Water from an ancient well
SHAUN DE WAAL
Anyone who has seen Abdullah Ibrahim perform live and solo will attest that it is a very intense, even spiritual experience.

He will play without interruption for hours, blending a plethora of compositions into one long continuous suite, driven by the ostinati produced by his left hand, while different, shifting melodies or further rhythmic patterns weave in and out of a seamless fabric that implicitly has no beginning or end.
It was fellow pianist Cecil Taylor who described the instrument as “88 tuned drums”, but it is Ibrahim’s playing that really makes that description come alive. It’s not hard to see the ancestry of Africa’s overlapping polyrhythms translated into Ibrahim’s pianistic style. Appropriately, an early live recording (of a solo concert in Copenhagen in 1969) was called African Piano, and many other releases of his put Africa upfront in their titles — Anatomy of a South African Village, African Space Program, South Africa, Zimbabwe, Echoes of Africa, Ancient Africa …
Ibrahim is about to release his first solo-piano album in at least a decade, and he is touring South Africa to support it (not alone, however, but with his trio, the other two members of which are New Yorkers Belden Bullock on bass and George Gray on drums). The album is called Senzo (Gallo), and the reference is to the Japanese word for “ancestor”, as well as being Ibrahim’s father’s Sotho name, he told me on the phone from New York.
“The idea of this CD, playing extended performances without a break,” he says, “is to try to recreate a spirit of trance-dance storytelling.”
This relates to Ibrahim’s interest in African cultures where dance and storytelling are not just forms of entertainment but have communal spiritual meanings. He is a kind of shaman, communicating with ancestors from all over the continent (and the planet), channelling for them through his music. Healing runs in his family, as well as a strong church influence, and then there is his own 40-year engagement with Eastern martial arts — “Nothing to do with fighting,” he notes with a chuckle.
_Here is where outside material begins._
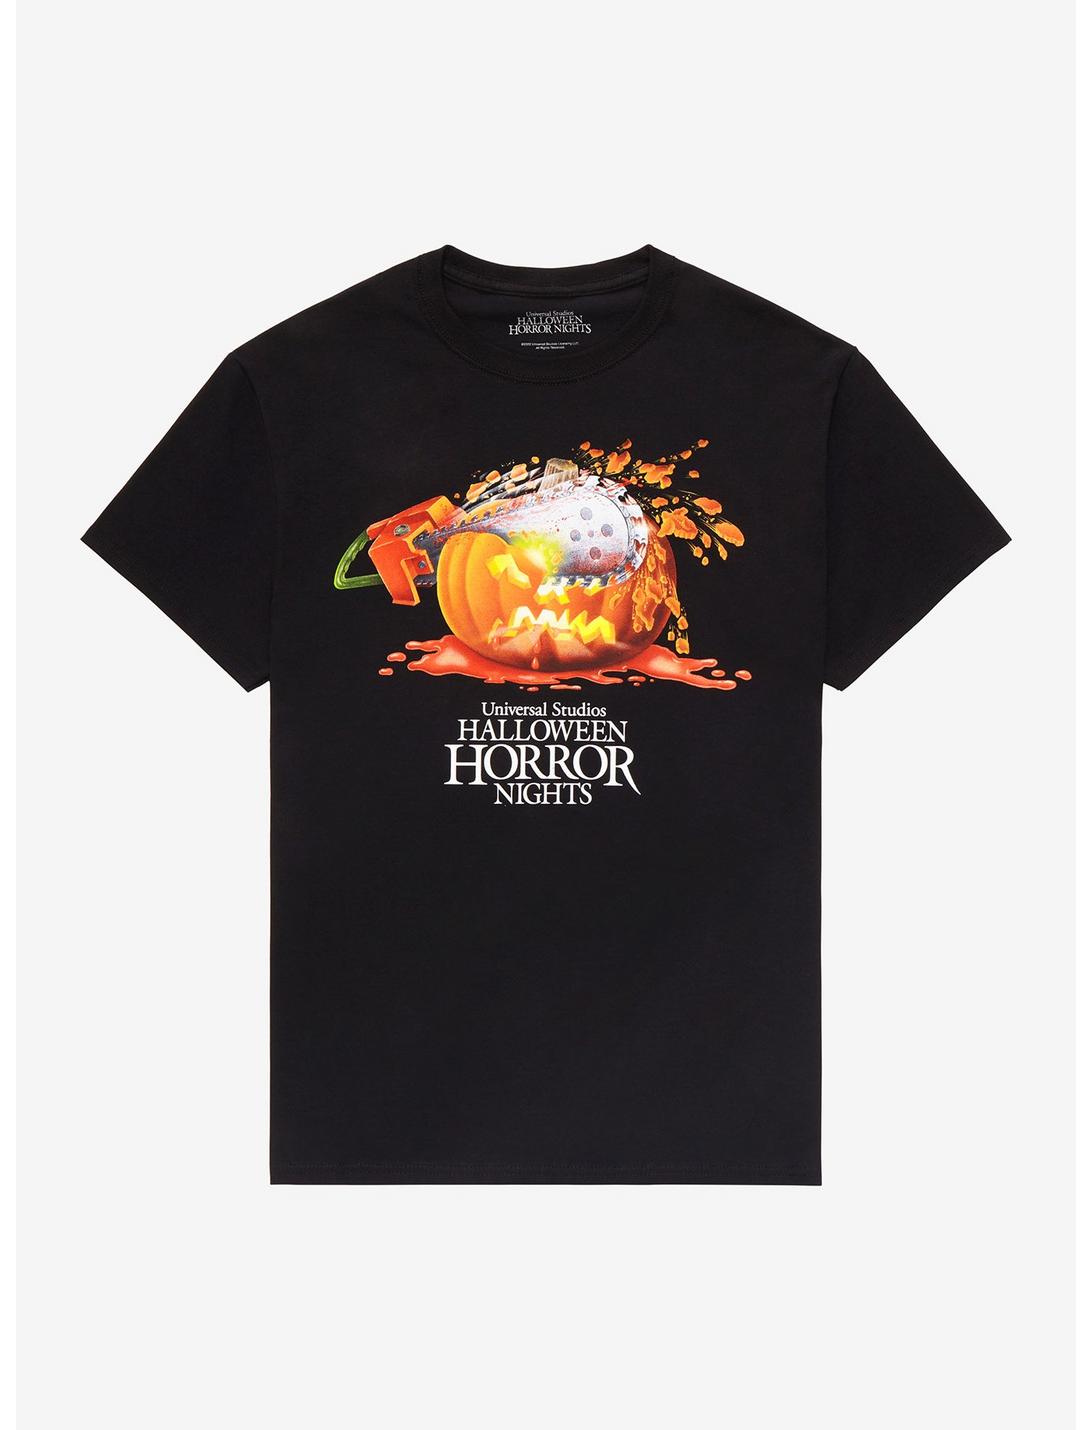 Universal Studios Halloween Horror Nights Chainsaw Jack-O'-Lantern T-Shirt, BLACK, hi-res

Senzo is a somewhat different proposition to Ibrahim’s previous solo-piano albums. Instead of the driving ostinato pattern holding it together, and the sense of an intensity, the music on Senzo is meditative and glancing, almost more a form of calligraphy than any other art form. A series of lightly shaped fragments arise and then, almost before their identities have emerged, fade and merge into the next piece. The feeling is of a mind playing upon memory, finding pieces of reminiscence, holding them up to the light and then moving to the next one. If the earlier solo performances were like thunder rolling across mountain tops, Senzo is more like sunlight sparkling through a dancing shower of rain.
Ibrahim’s live concerts in South Africa in November will incorporate his solo excursions into the trio structure. He has worked in many formats, from a duo (his famous albums with Johnny Dyani in the 1970s) to trios, bigger bands such as the seven-piece Ekhaya or the WDR Big Band in Cologne, all the way up to large symphony orchestras.
In the meantime, what we will hear in November offers Ibrahim an improvisatory freedom that is as close to an entirely solitary performance as he could come without actually leaving the New Yorkers at home.
this article first appeared on the mail & guardian website
November 21st, 2008 at 9:56 am
abdullah is king! and water from an ancient well ~ what a beautiful album…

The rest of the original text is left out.